The reporter’s record for this case comprises a transcript of a May 18, 2021 hearing before the trial court, conducted remotely by Zoom. Appellant personally appeared at that hearing with the use of that software, and at the conclusion of the hearing, the trial court announced it would grant the underlying application for a protective order and would “submit the signed orders in just a minute.” Ultimately, the trial court signed the protective order the following day, May 19, 2021. It is beyond dispute that the May 18, 2021 hearing resulted in the protective order appellant is seeking to appeal from, and moreover, appellant participated in person at that hearing.1
On November 16, 2022, this court informed appellant by letter about the untimely notice of appeal and the apparent unavailability of a restricted appeal, and warned him his appeal was subject to dismissal if he failed to show this court had jurisdiction over the appeal. Appellant’s response relies on the Texas Supreme
1 Appellant has implied that, because the hearing was conducted through Zoom rather than in person in a courtroom, he might not have participated in the hearing for purposes of Rule 30. However, the participation implicating Rule 30 does not have to occur in the courtroom itself. See Lambda Constr. Co. v. Chamberlin Waterproofing & Roofing Sys., Inc., 784 S.W.2d 122, 125 (Tex. App.—Austin 1990, writ denied) (holding a party could not appeal by writ of error, the predecessor to a restricted appeal, because it had participated in a telephone hearing preceding the underlying judgment).

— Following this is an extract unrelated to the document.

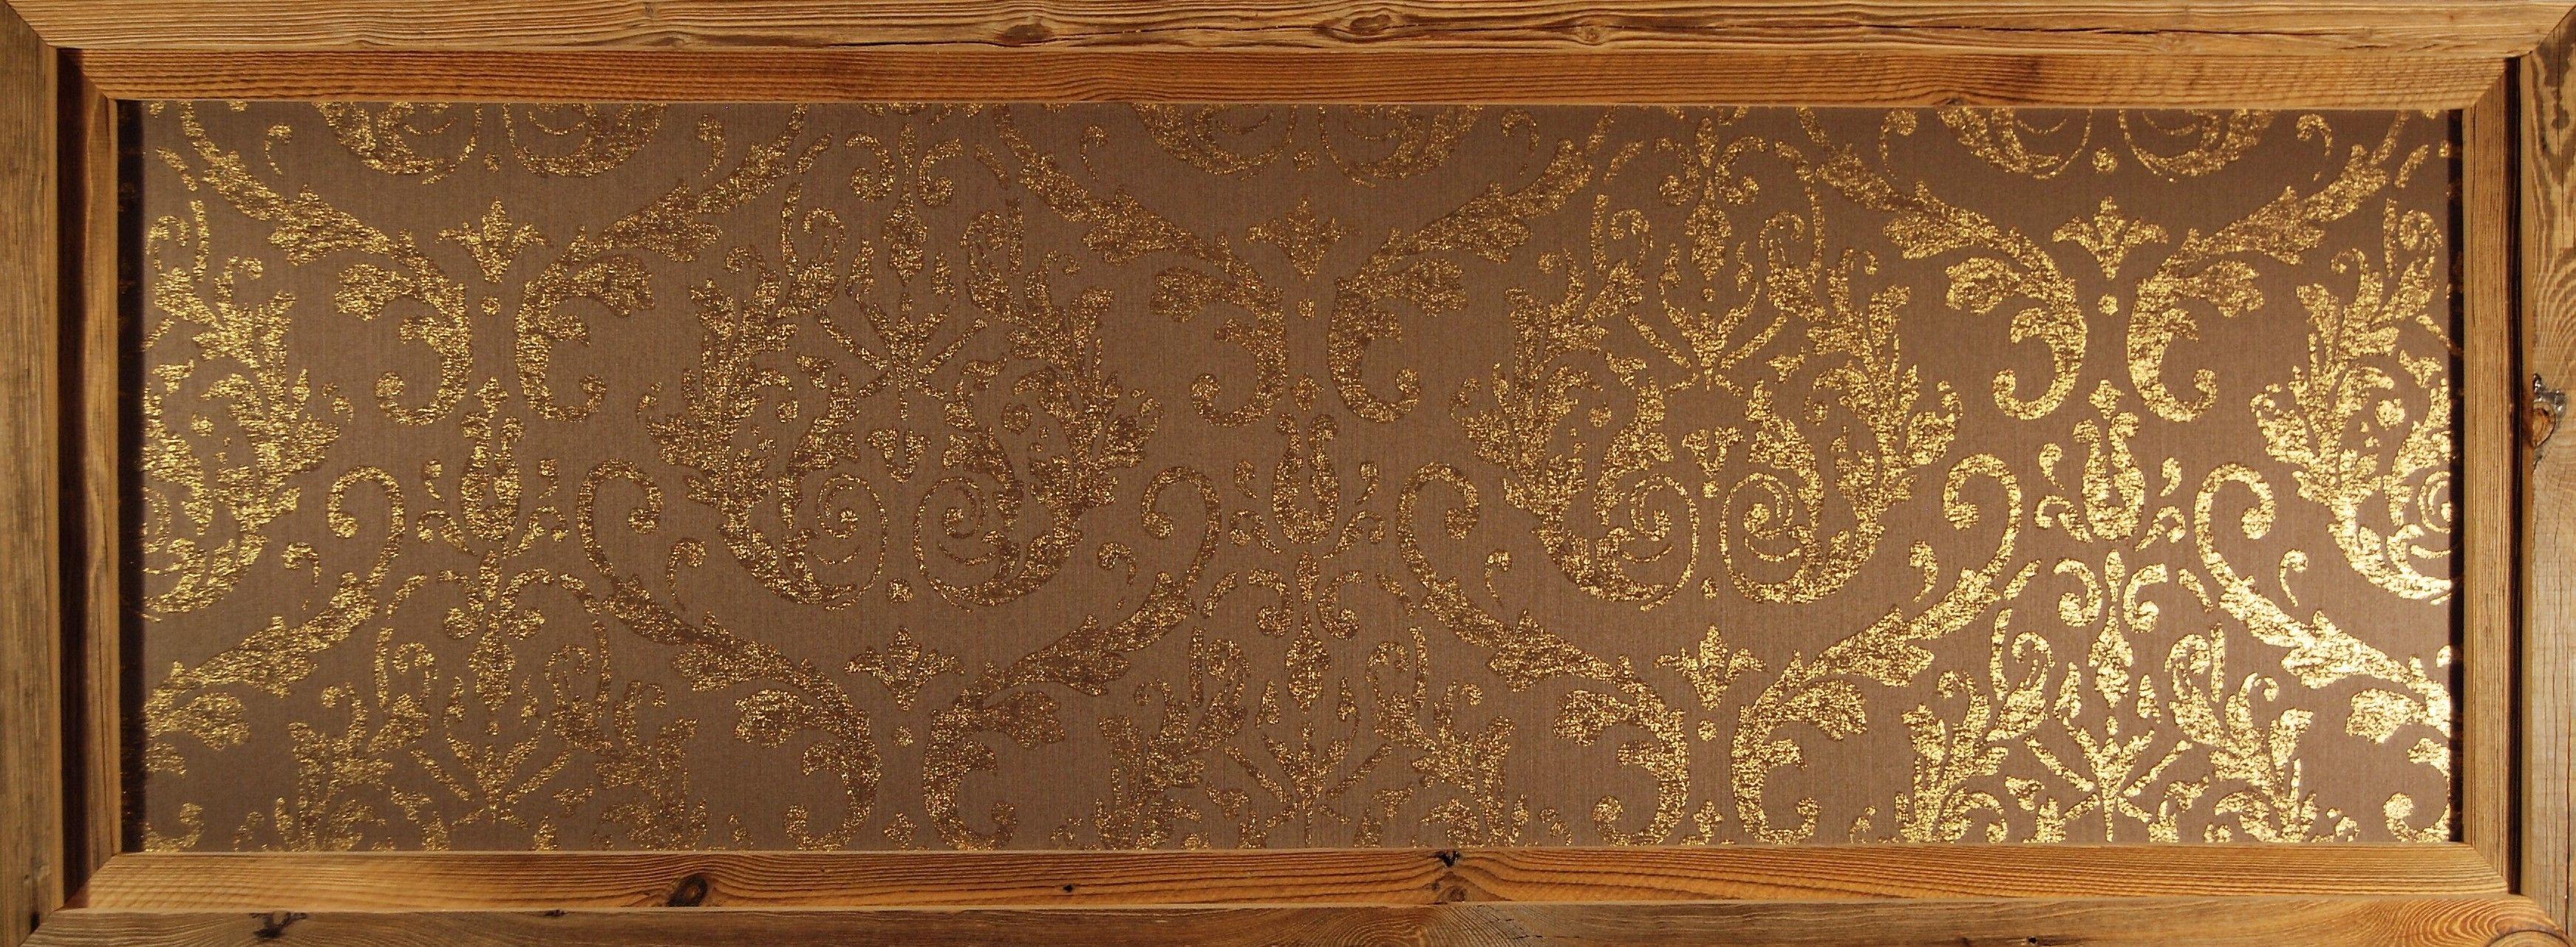 Bestell Nr 009 Omexco Elegance Wallpaper Gold Braun Textil
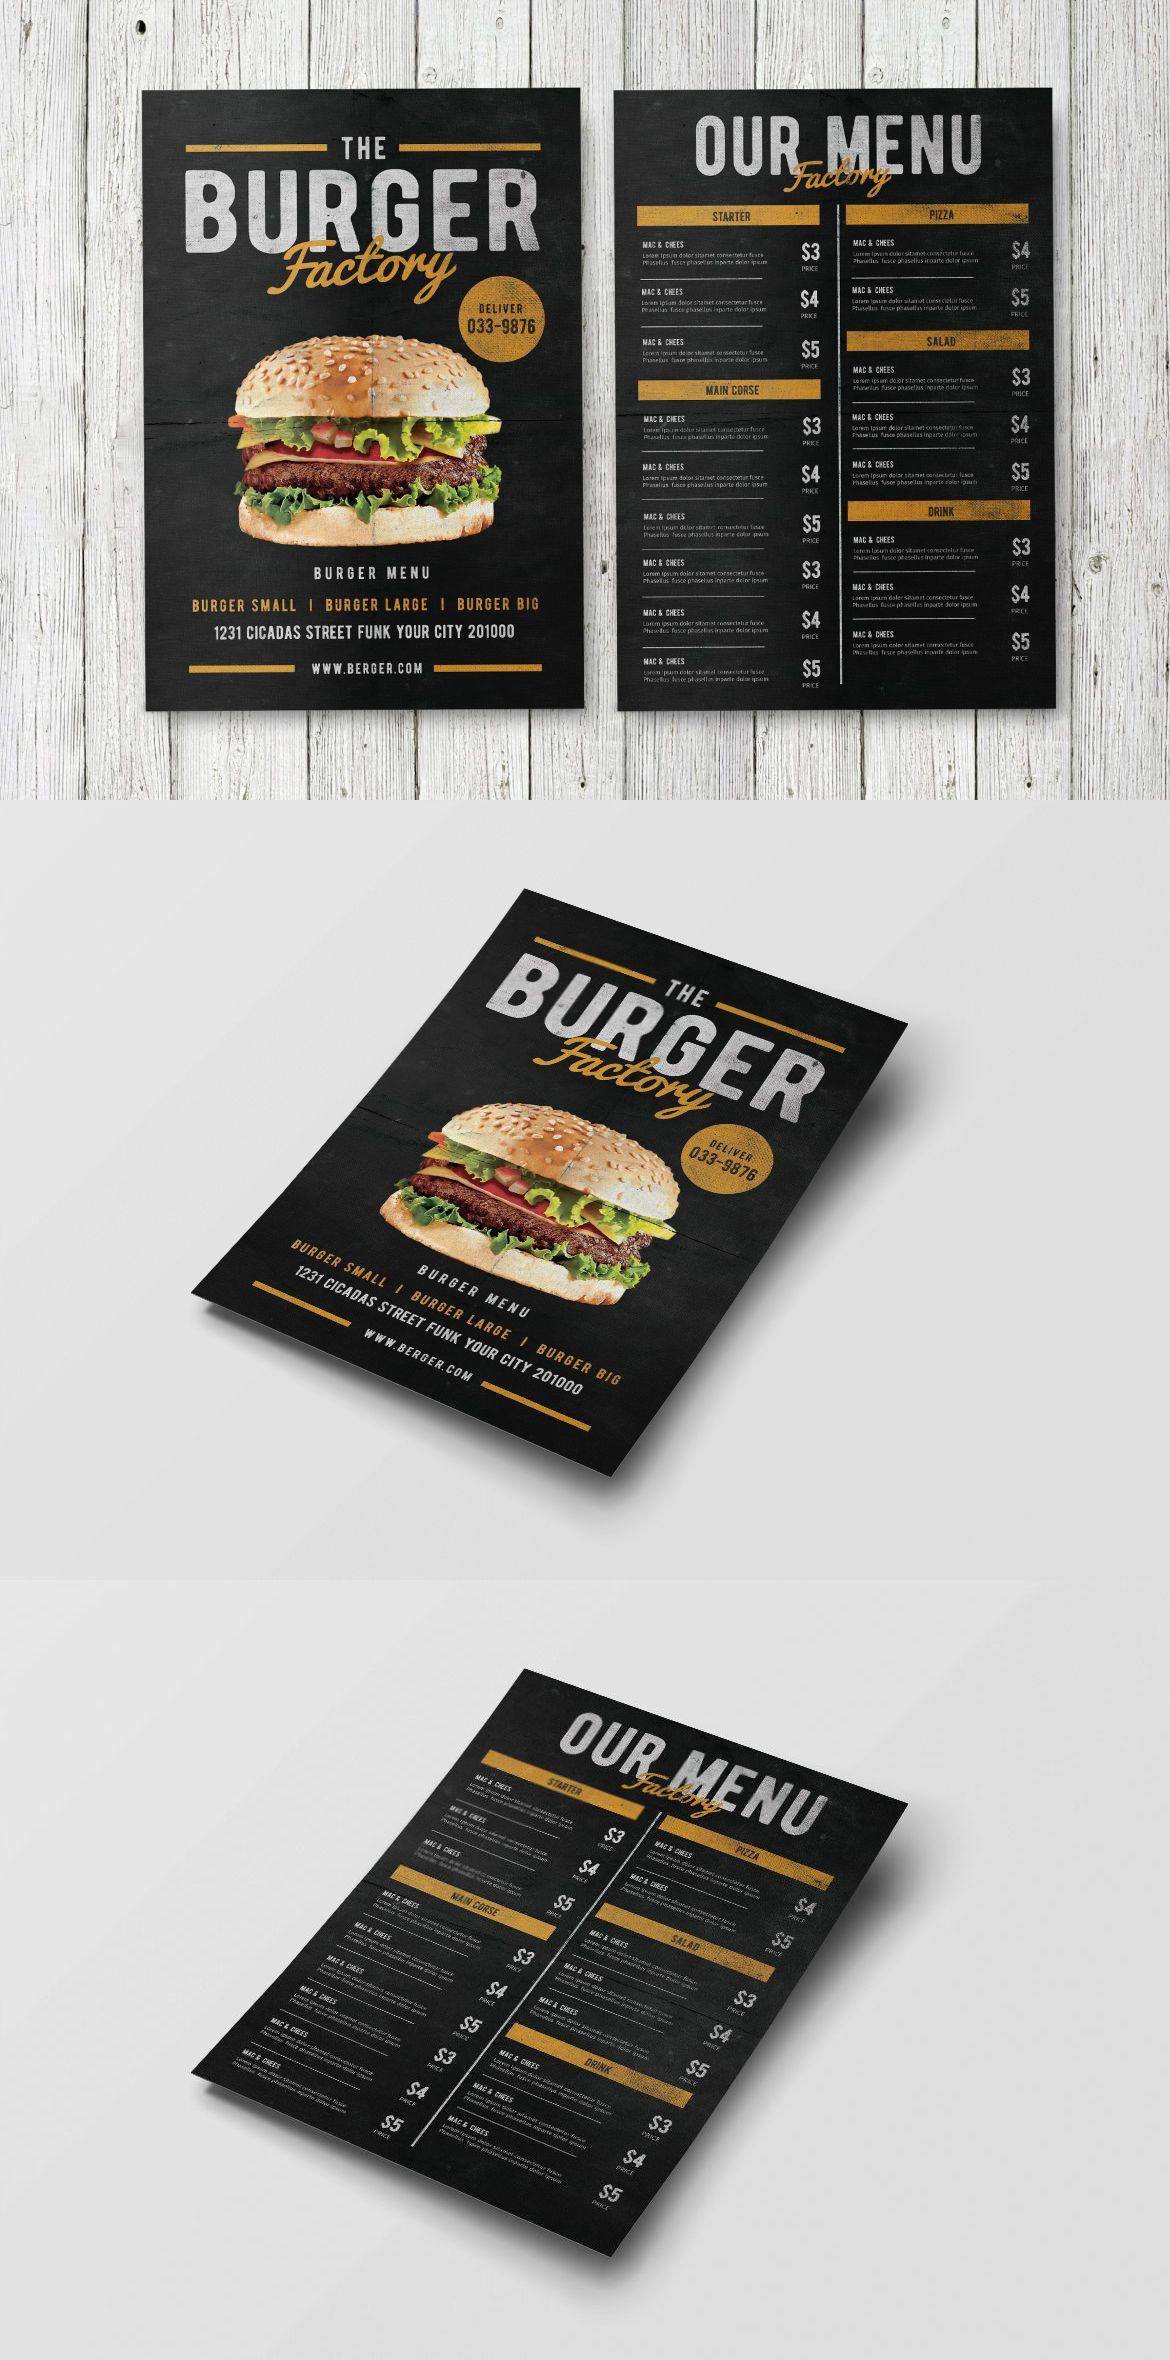 Burger Factory Menu Template PSD Foodmenu Design Burger - Small menu template

2 Court’s decision in Pike-Grant v. Grant, 447 S.W.3d 884, 886 (Tex. 2014). Quoting the Court’s observation that “courts [must] liberally construe the non- participation requirement for restricted appeals in favor of the right to appeal,” see id. at 886, appellant contends that the facts require this court to view him as not having participated in the requisite hearing, and thus view him as properly bringing a restricted appeal. But there is no way to construe the non-participation requirement here to properly permit appellant to use a restricted appeal. The record conclusively establishes that the trial court held a hearing on May 18, 2021, appellant appeared at the hearing by Zoom, and that hearing resulted in the complained-of protective order. By any measure, appellant’s participation in the underlying hearing prevents him from maintaining a restricted appeal here. Compare Pike-Grant, 447 S.W.3d at 886 (holding an appellant was not present at a final trial court hearing, and thus appellant could maintain a restricted appeal, even though the record contained some indication that she had been present at a final hearing), with Blankinship v. Blankinship, 572 S.W.2d 807, 808 (Tex. Civ. App.— Houston [14th Dist.] 1978, no writ) (holding an appellant participated in a hearing resulting in a judgment when he signed the judgment prior to the trial court entering the judgment). Accordingly, due to the lack of any basis for proceeding with a restricted appeal or otherwise exercising jurisdiction over this appeal, we dismiss the appeal for want of jurisdiction.
PER CURIAM
Panel consists of Chief Justice Christopher and Justices Bourliot and Wilson.